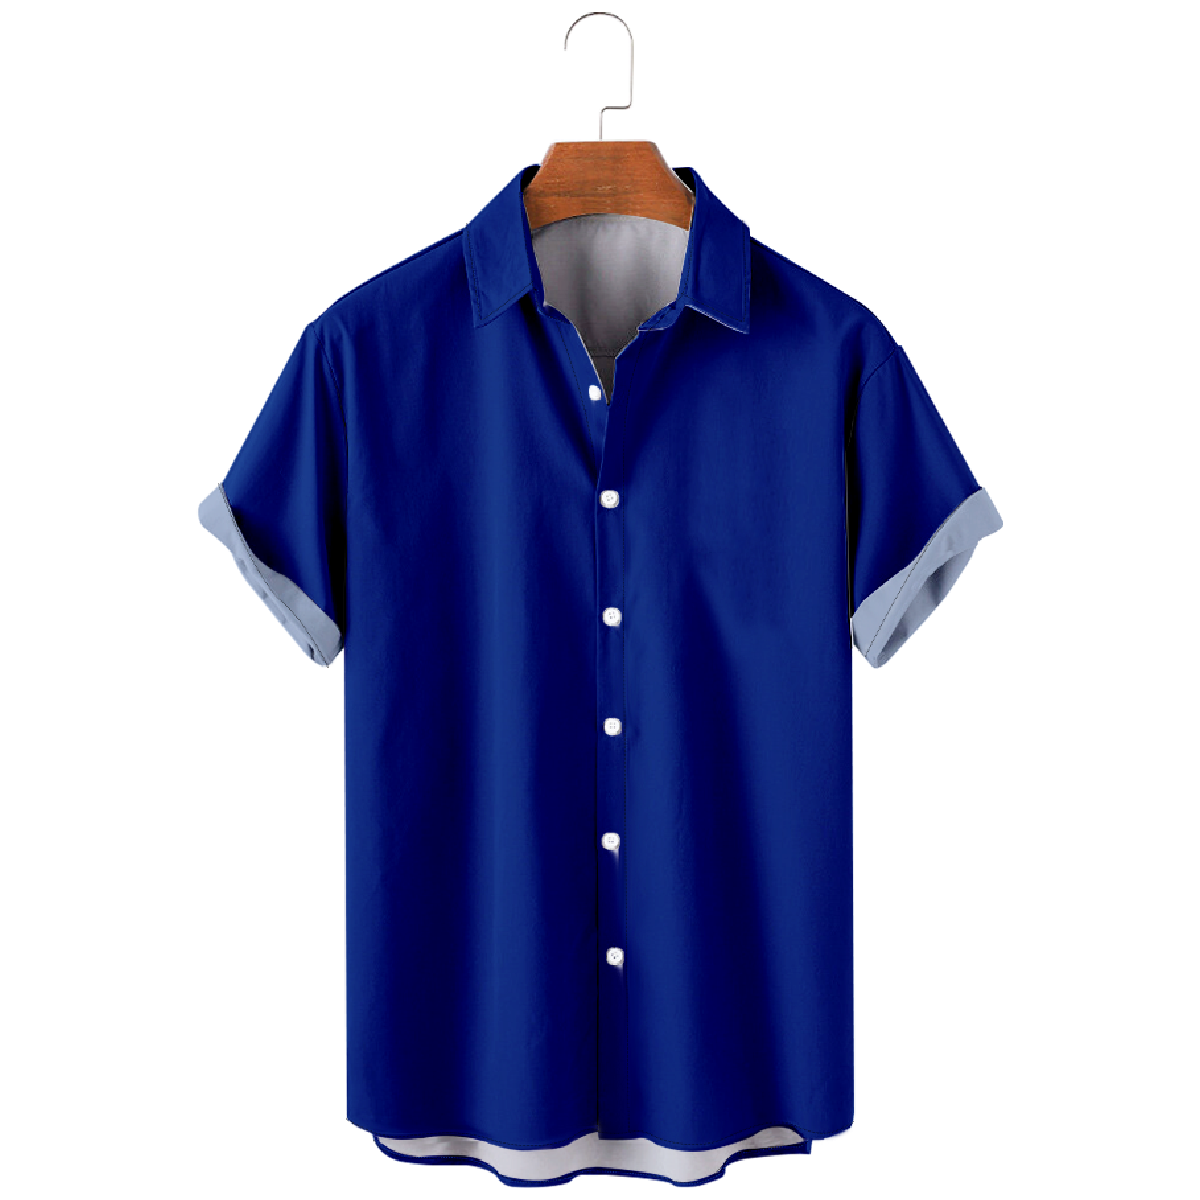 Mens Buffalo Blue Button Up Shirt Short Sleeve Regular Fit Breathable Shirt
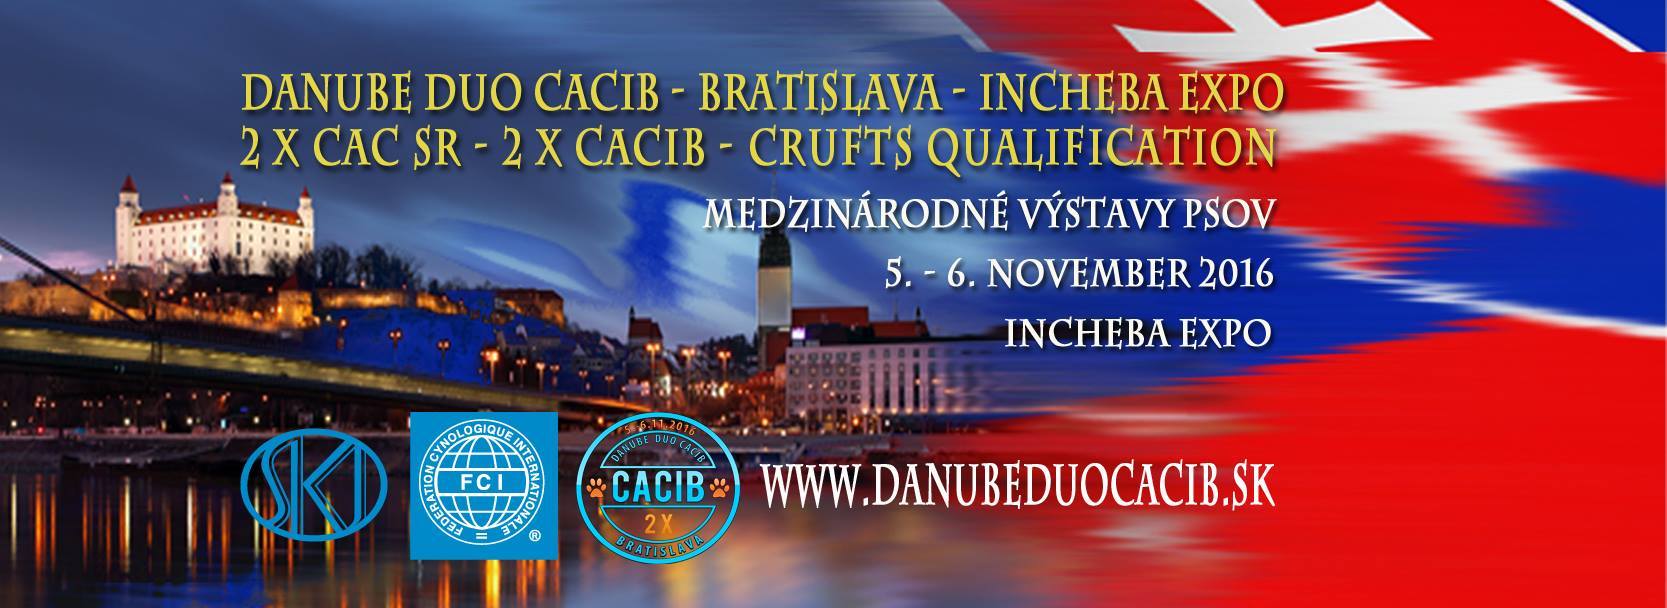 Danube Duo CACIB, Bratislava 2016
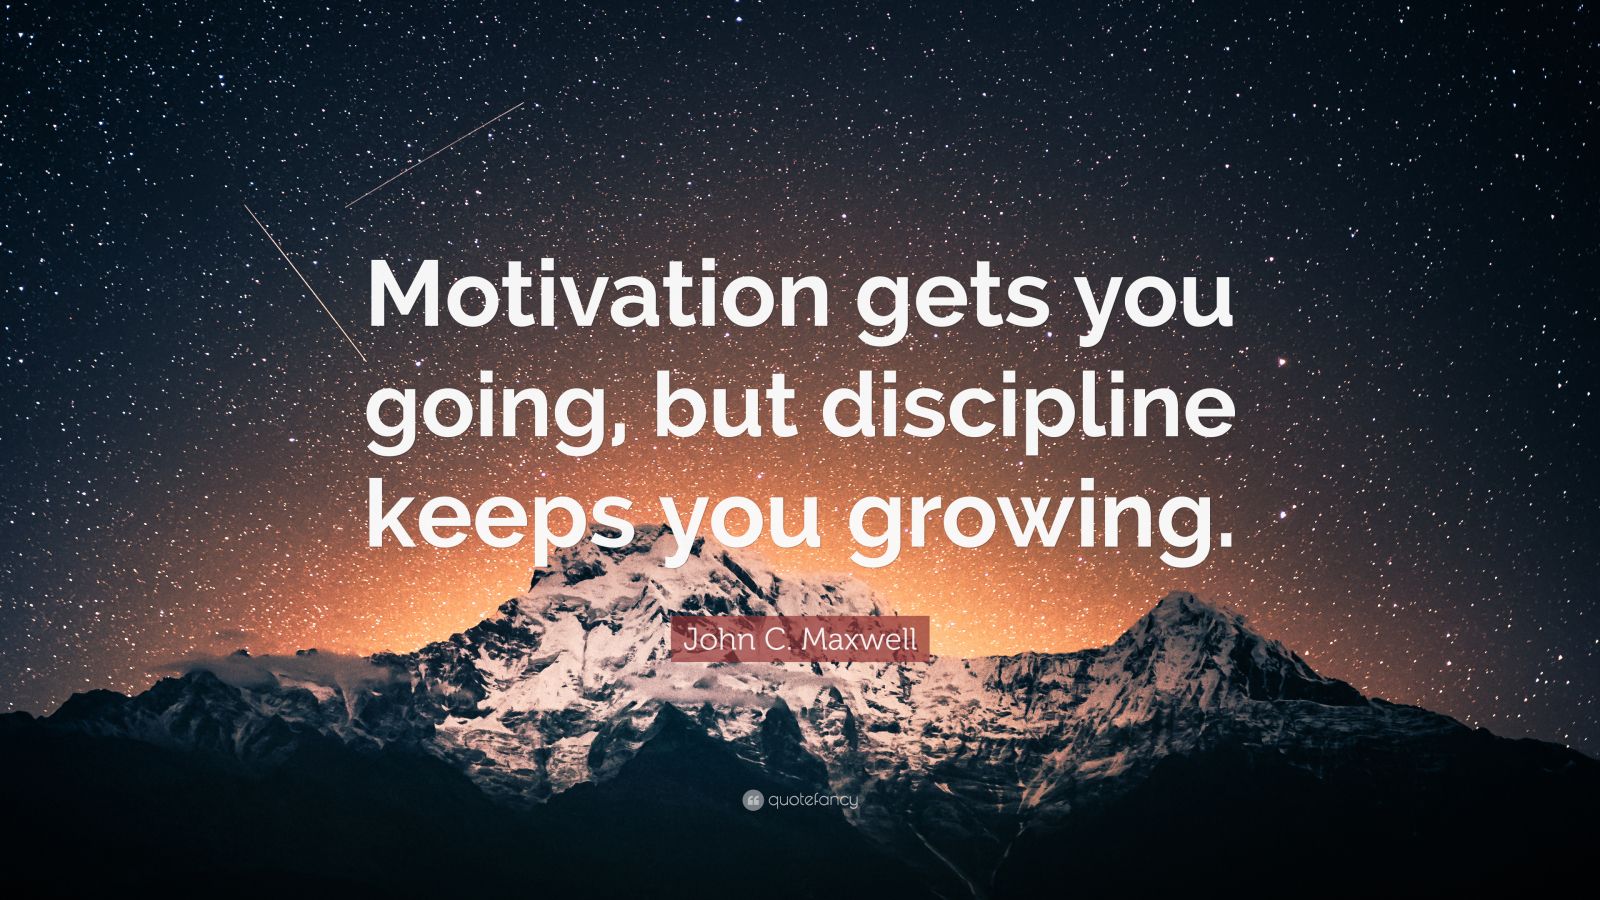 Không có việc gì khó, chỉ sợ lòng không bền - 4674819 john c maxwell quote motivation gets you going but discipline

····················

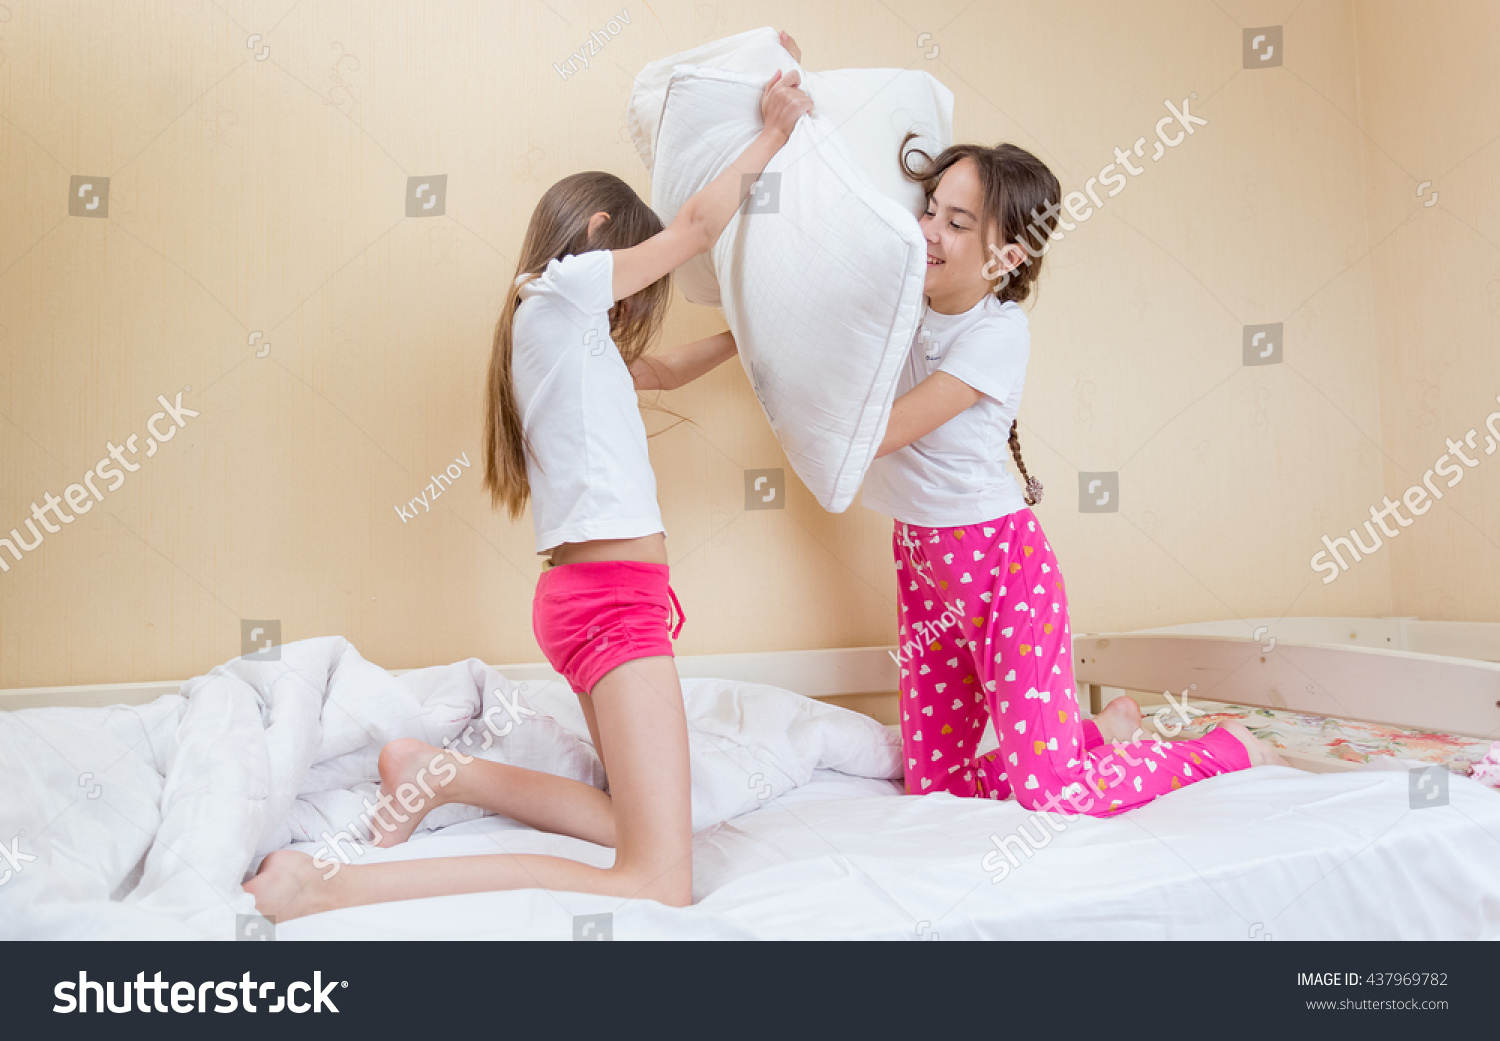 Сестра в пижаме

····················

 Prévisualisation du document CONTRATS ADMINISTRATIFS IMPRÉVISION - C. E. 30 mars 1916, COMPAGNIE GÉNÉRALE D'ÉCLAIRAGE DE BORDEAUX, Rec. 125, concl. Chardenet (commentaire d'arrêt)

····················

● **WORK TASK**
Exactly the lines starting at the one above with "Danube Duo CACIB, Bratislava 2016" and ending at the one with "Không có việc" should be printed, and nothing else. Omit the pictures.

● **WRITTEN REPLY**
 Danube Duo CACIB, Bratislava 2016
 Không có việc gì khó, chỉ sợ lòng không bền - 4674819 john c maxwell quote motivation gets you going but discipline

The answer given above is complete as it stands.